는 빔폭(530)이 10도일 때의 데이터 레이트 중 가장 큰 데이터 레이트일 수 있고, 데이터 전송 장치(510)와 기준 디바이스(520) 간의 거리인 12m보다 큰 데이터의 전송 거리를 지원하는 데이터 레이트일 수 있다.Assuming that the distance between the data transmission device 510 and the reference device 520 is 12 m, the data transmission device 510 transmits a beam of 10 degrees with an initial beam width,

Wow

Can be calculated. here,

May be the largest data rate of the data rate when the beam width 530 is 10 degrees and may be the data rate that supports the transmission distance of data larger than 12 meters, which is the distance between the data transmission device 510 and the reference device 520 have.

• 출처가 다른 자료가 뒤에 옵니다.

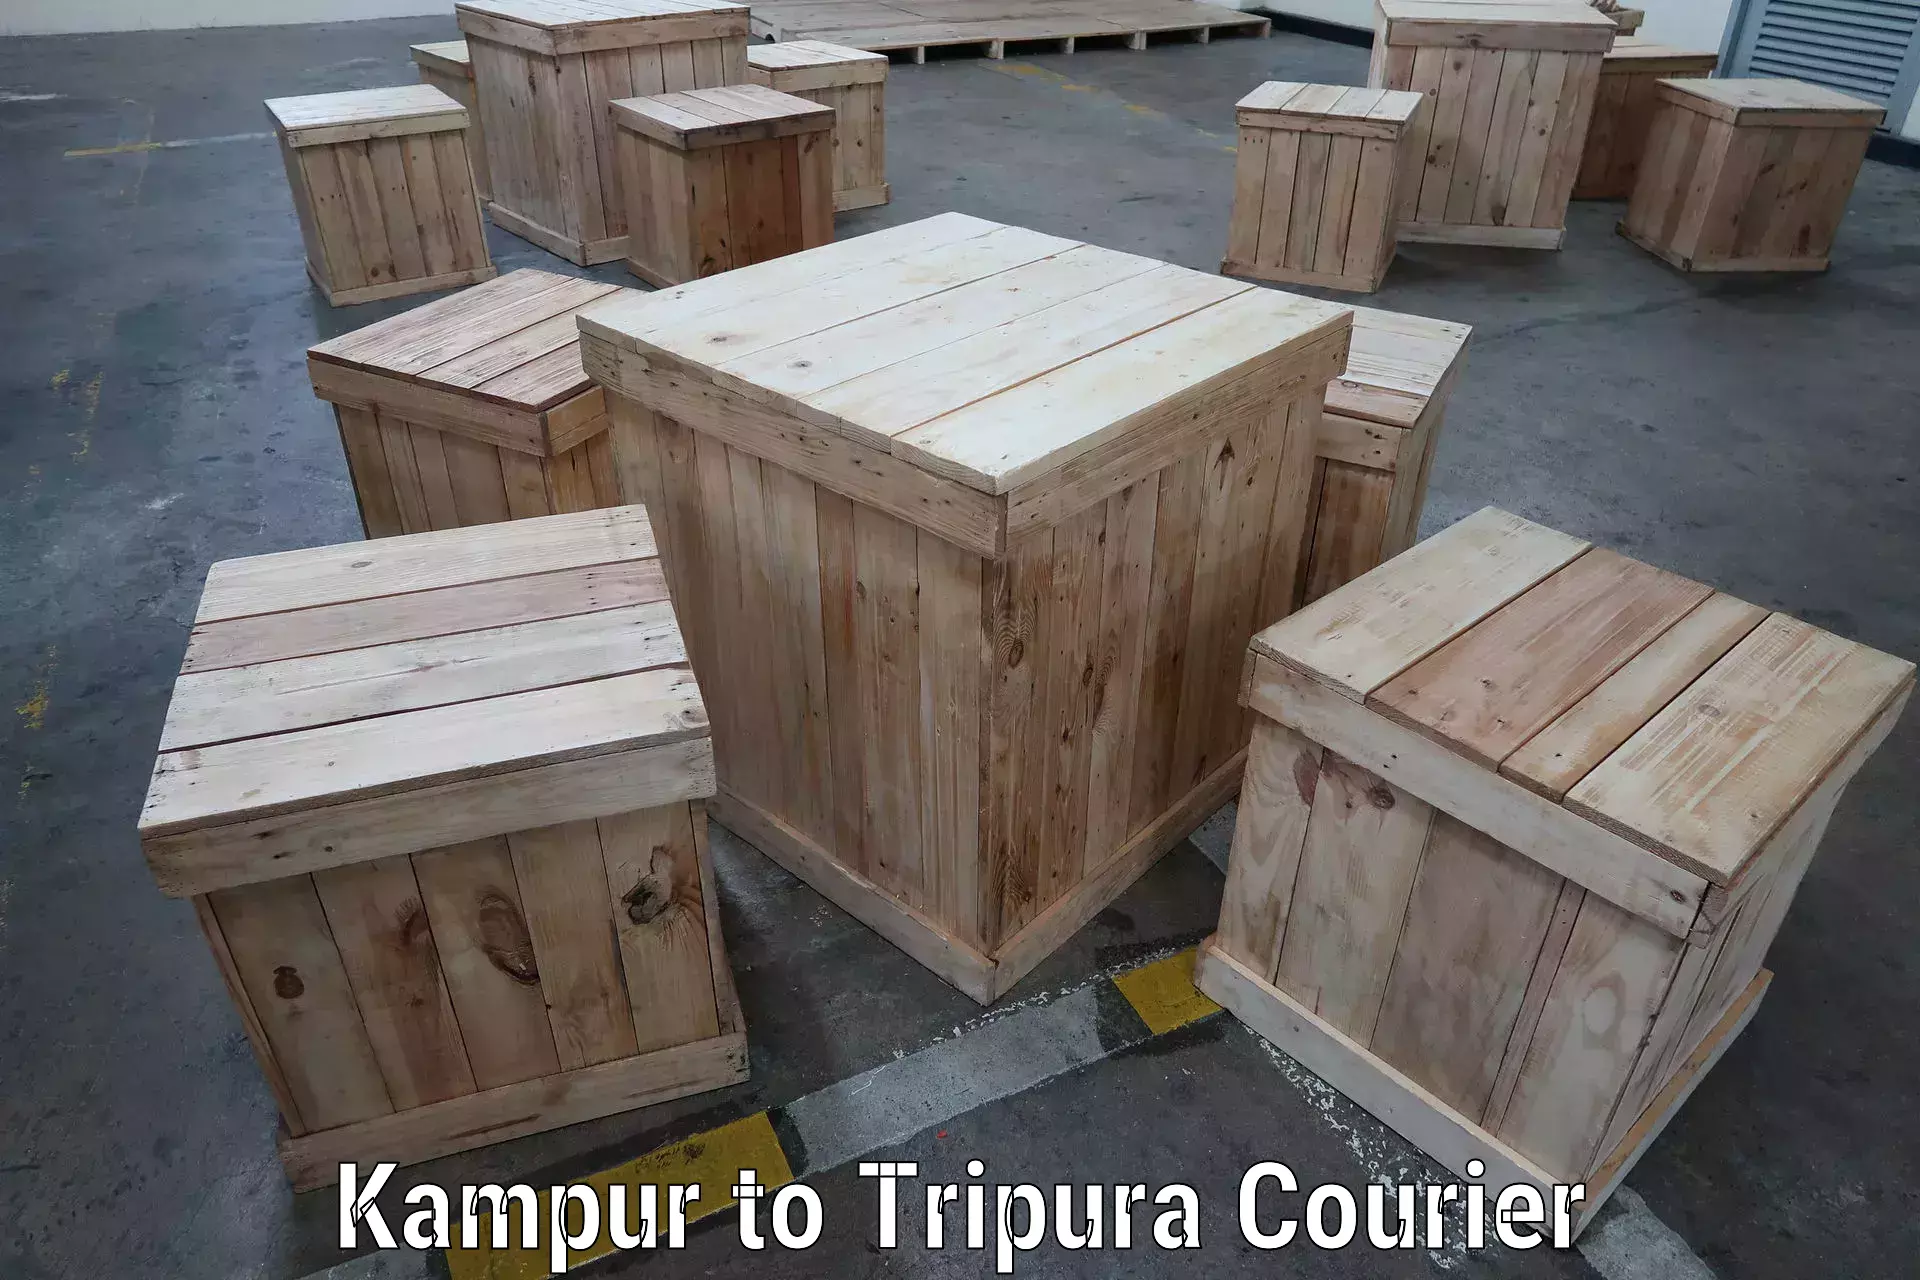 Courier service innovation Kampur to IIIT Agartala

는 빔폭(530)이 30도인 빔에 포함되는 디바이스들의 개수를 나타낼 수 있고,

는 3465Mbps가 될 수 있다.

가 4158Mbps이고, 빔폭이 30도인 빔은 데이터의 전송 거리로 9.4350m를 지원하므로, 이 경우 데이터 전송 장치(510)는 기준 디바이스(520)에 데이터를 정상적으로 송신할 수 없다. 따라서, 데이터 전송 장치(510)는 일정 빔폭(530)에서 데이터 전송 장치(510)와 기준 디바이스(520) 간의 거리인 12m 보다 큰 데이터의 전송 거리를 지원하는 데이터 레이트 중

값을 최대화하는 3456Mbps의 데이터 레이트를 선택하게 되는 것이다.For example, if the beam width 530 is 30 degrees,

May represent the number of devices included in the beam having a beam width 530 of 30 degrees,

May be 3465 Mbps.

A beam having a beam width of 30 degrees corresponds to a transmission distance of 9.4350 m. In this case, the data transmission apparatus 510 can not transmit data to the reference device 520 normally. Accordingly, the data transmission apparatus 510 transmits data at a constant beam width 530 at a data rate that supports a transmission distance of data larger than 12 m, which is a distance between the data transmission apparatus 510 and the reference device 520

The data rate of 3456 Mbps which maximizes the value is selected.

와

가 적용된 결과 값을 가장 크게 하는 빔폭을 최적 빔폭으로 결정할 수 있다. 결론적으로, 데이터 전송 장치(510)는 고정된 빔이 아닌 디바이스들의 위치에 따라 적응적으로 결정된 빔폭의 빔을 이용하여 최적의 멀티캐스트 서비스 환경을 제공할 수 있다.Through the above process, the data transfer apparatus 510

Wow

The optimum beam width can be determined as the beam width that maximizes the resultant value. As a result, the data transmission apparatus 510 can provide an optimum multicast service environment using a beam of a beam width adaptively determined according to the location of the devices, rather than the fixed beam.

According to another embodiment, the data transmission apparatus 510 can determine 30 degrees with a beam width supporting a data rate of 2772 Mbps and a data transmission distance of 16 m or more. This is because the beam width supporting the data transmission distance of 16 m or more is 10 degrees, 20 degrees, 30 degrees at 2772 Mbps, but a beam having a beam width of 30 degrees may include a larger number of devices.

The data transmission apparatus 510 can select the second reference device 540 for the devices not included in the beam of the first optimum beam width when the first optimal beam width 530 is determined. Specifically, when the first optimum beam width 530 is determined, the data transmission apparatus 510 can select the farthest device 540 among the devices not included in the beam of the first optimum beam width, as the reference device. The data transmission apparatus 510 can search for the second optimum beam width through the same process as above with the second reference device 540 as the center. In this manner, the data transmission apparatus 510 can sequentially determine an optimal beam width for a plurality of devices.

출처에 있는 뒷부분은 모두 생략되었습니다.